YOUR INSTRUCTIONS: Only one stretch of the records below is wanted: the lines from the one holding "Riyo Good Gemstones" through the one holding "Детская футболка для". Return it exactly, both ends included.

AVAILABLE DATA:
···

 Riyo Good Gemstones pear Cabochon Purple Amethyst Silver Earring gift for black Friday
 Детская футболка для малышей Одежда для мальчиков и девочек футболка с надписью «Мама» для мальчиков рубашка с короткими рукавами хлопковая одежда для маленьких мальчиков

···

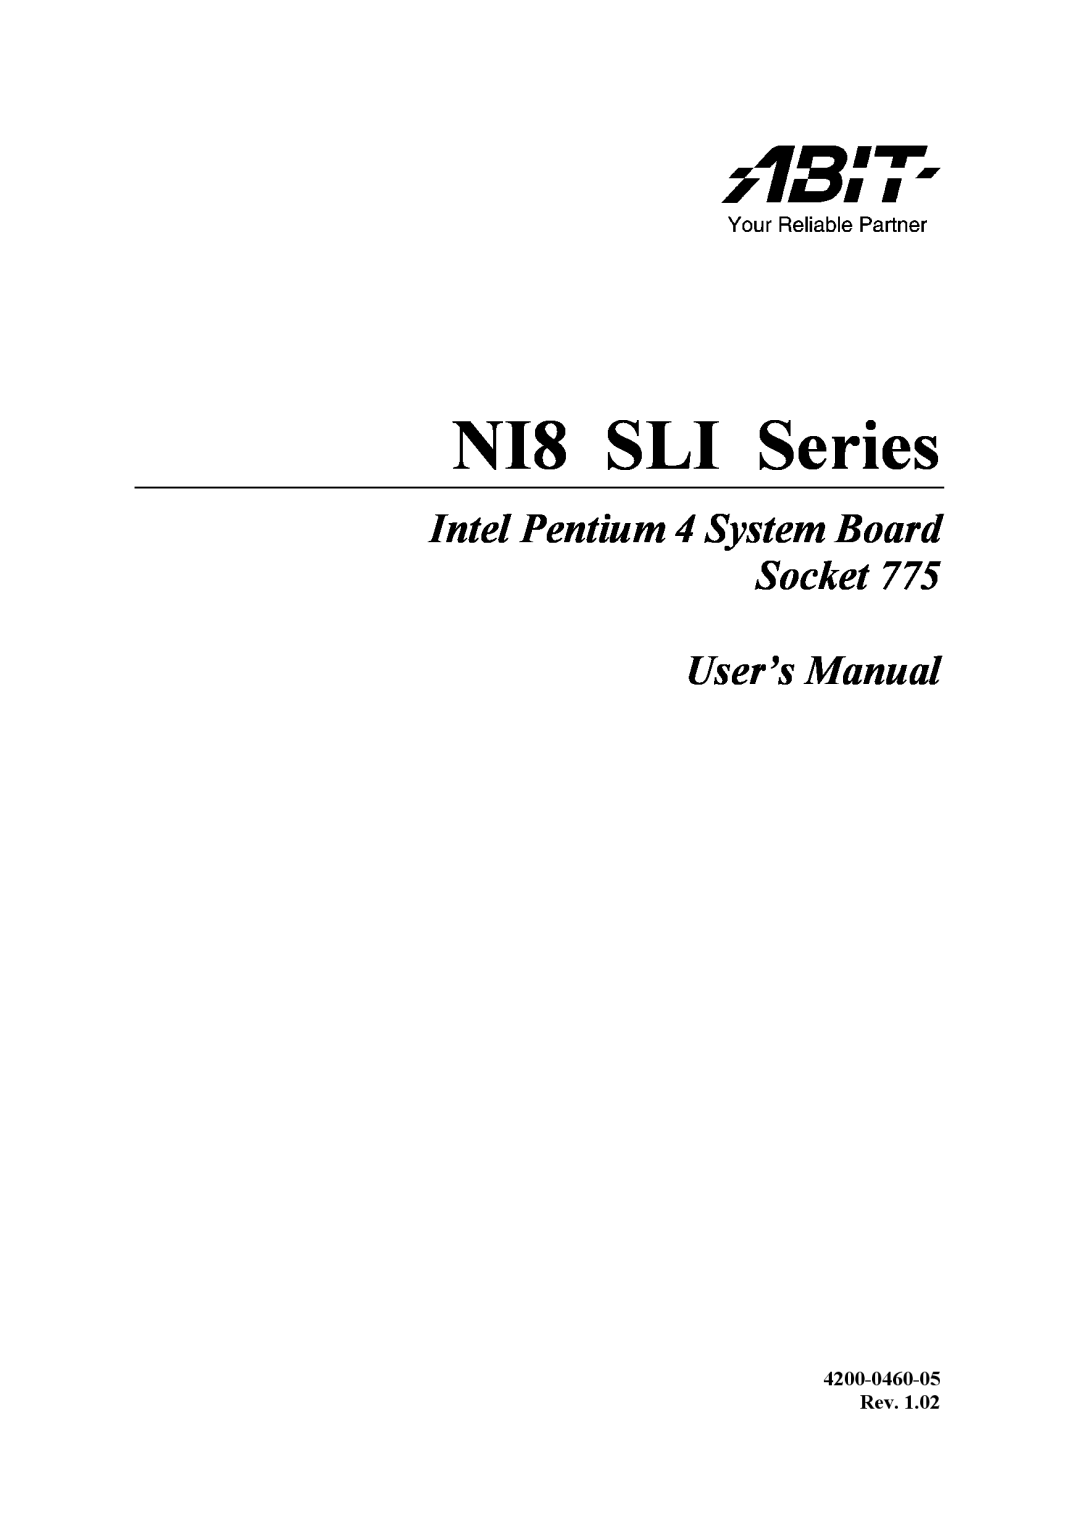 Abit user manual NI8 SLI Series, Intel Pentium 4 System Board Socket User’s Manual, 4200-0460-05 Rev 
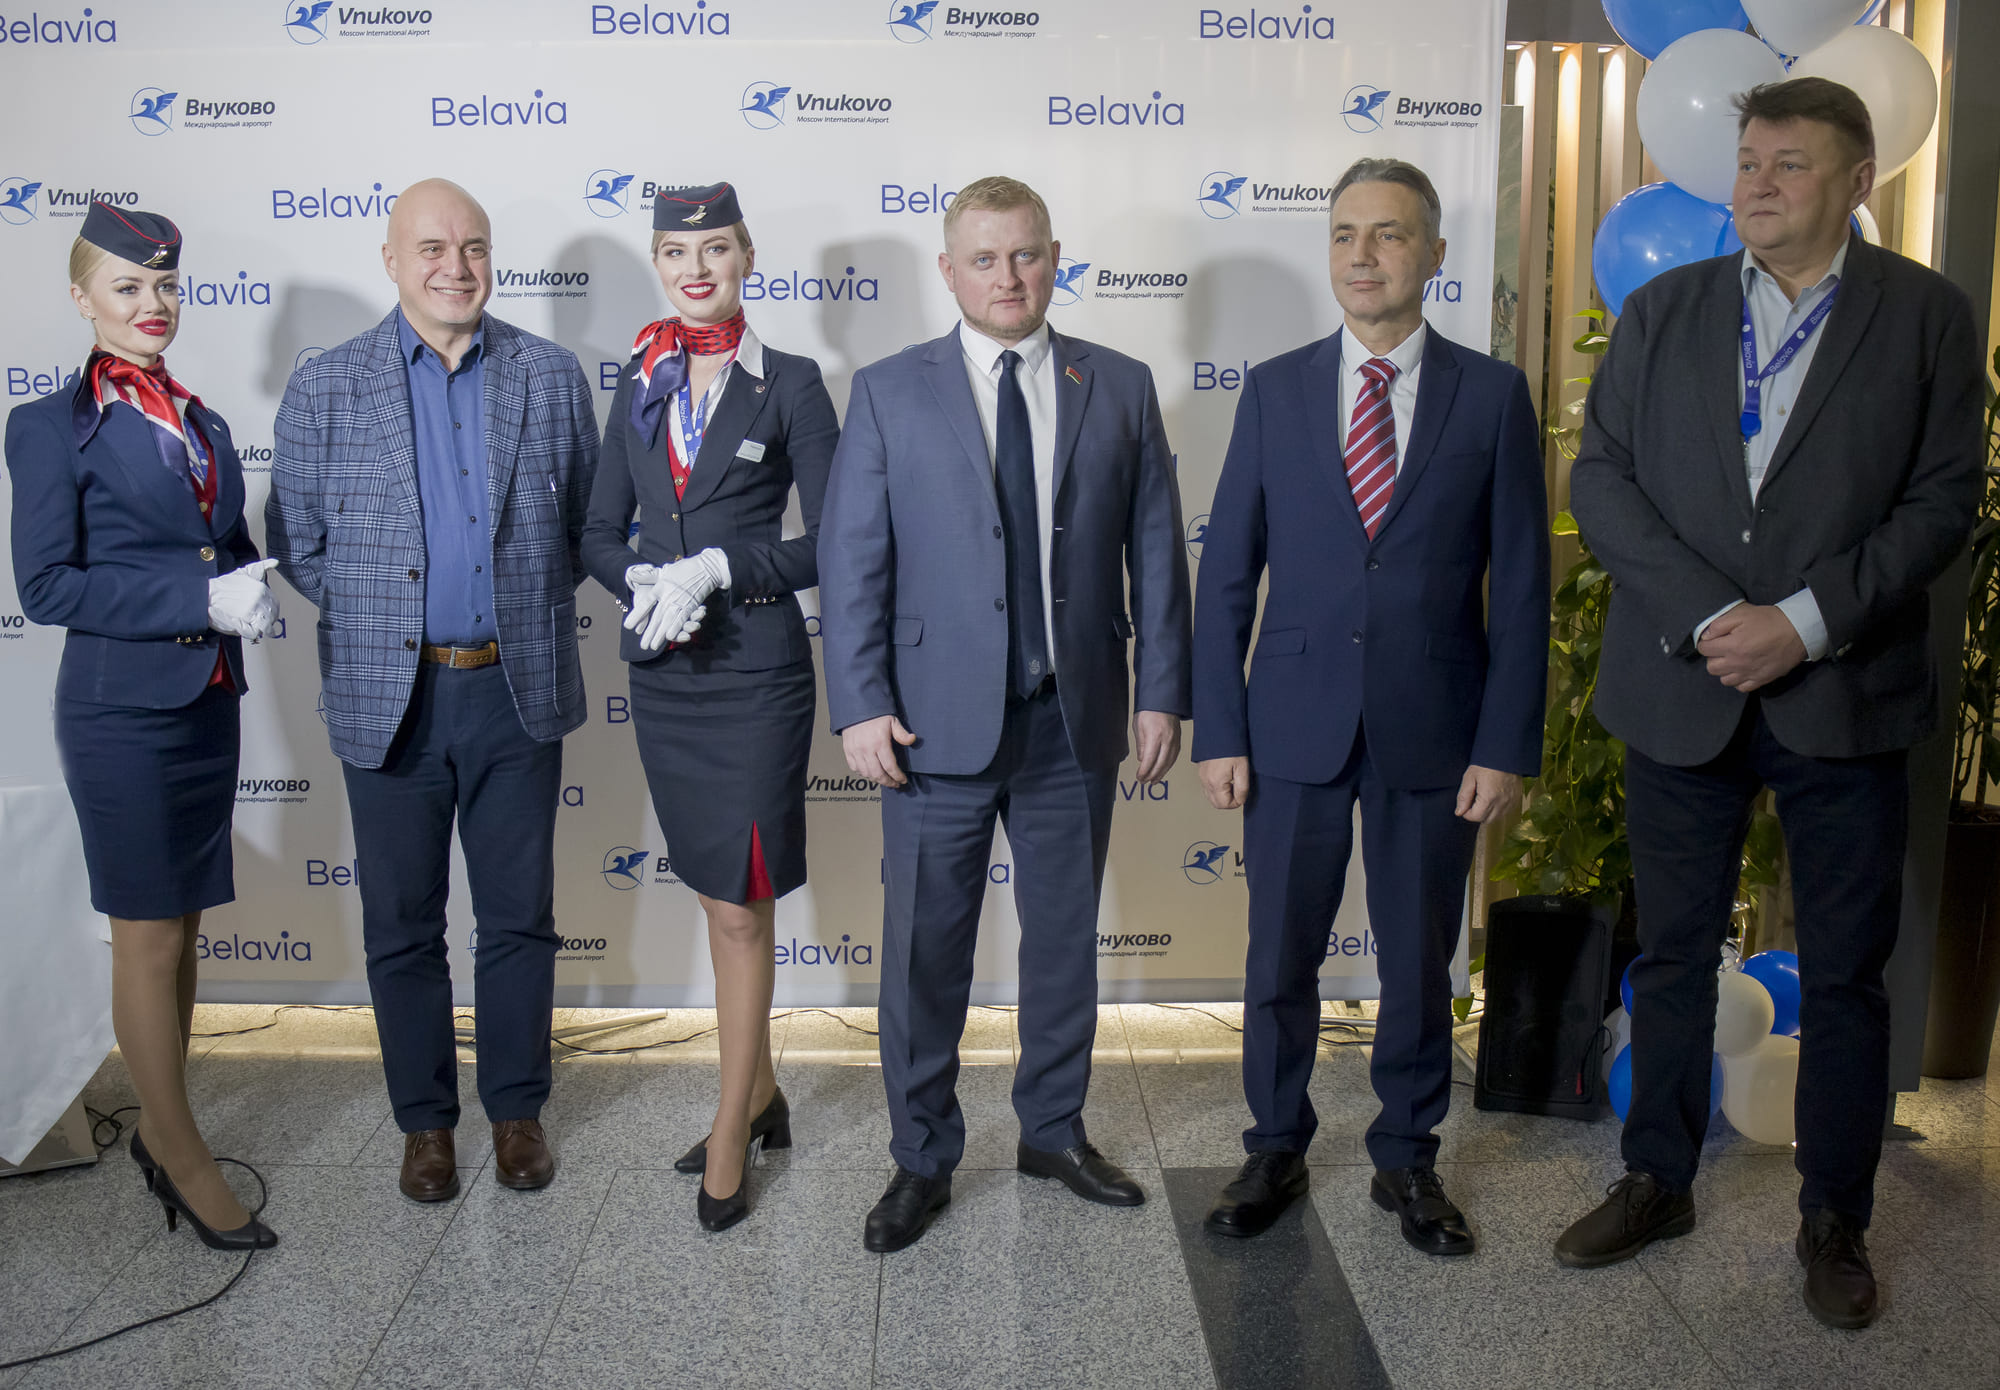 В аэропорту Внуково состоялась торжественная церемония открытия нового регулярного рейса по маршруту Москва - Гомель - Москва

···

SOLUTION TO THIS TASK:
 Riyo Good Gemstones pear Cabochon Purple Amethyst Silver Earring gift for black Friday
 Детская футболка для малышей Одежда для мальчиков и девочек футболка с надписью «Мама» для мальчиков рубашка с короткими рукавами хлопковая одежда для маленьких мальчиков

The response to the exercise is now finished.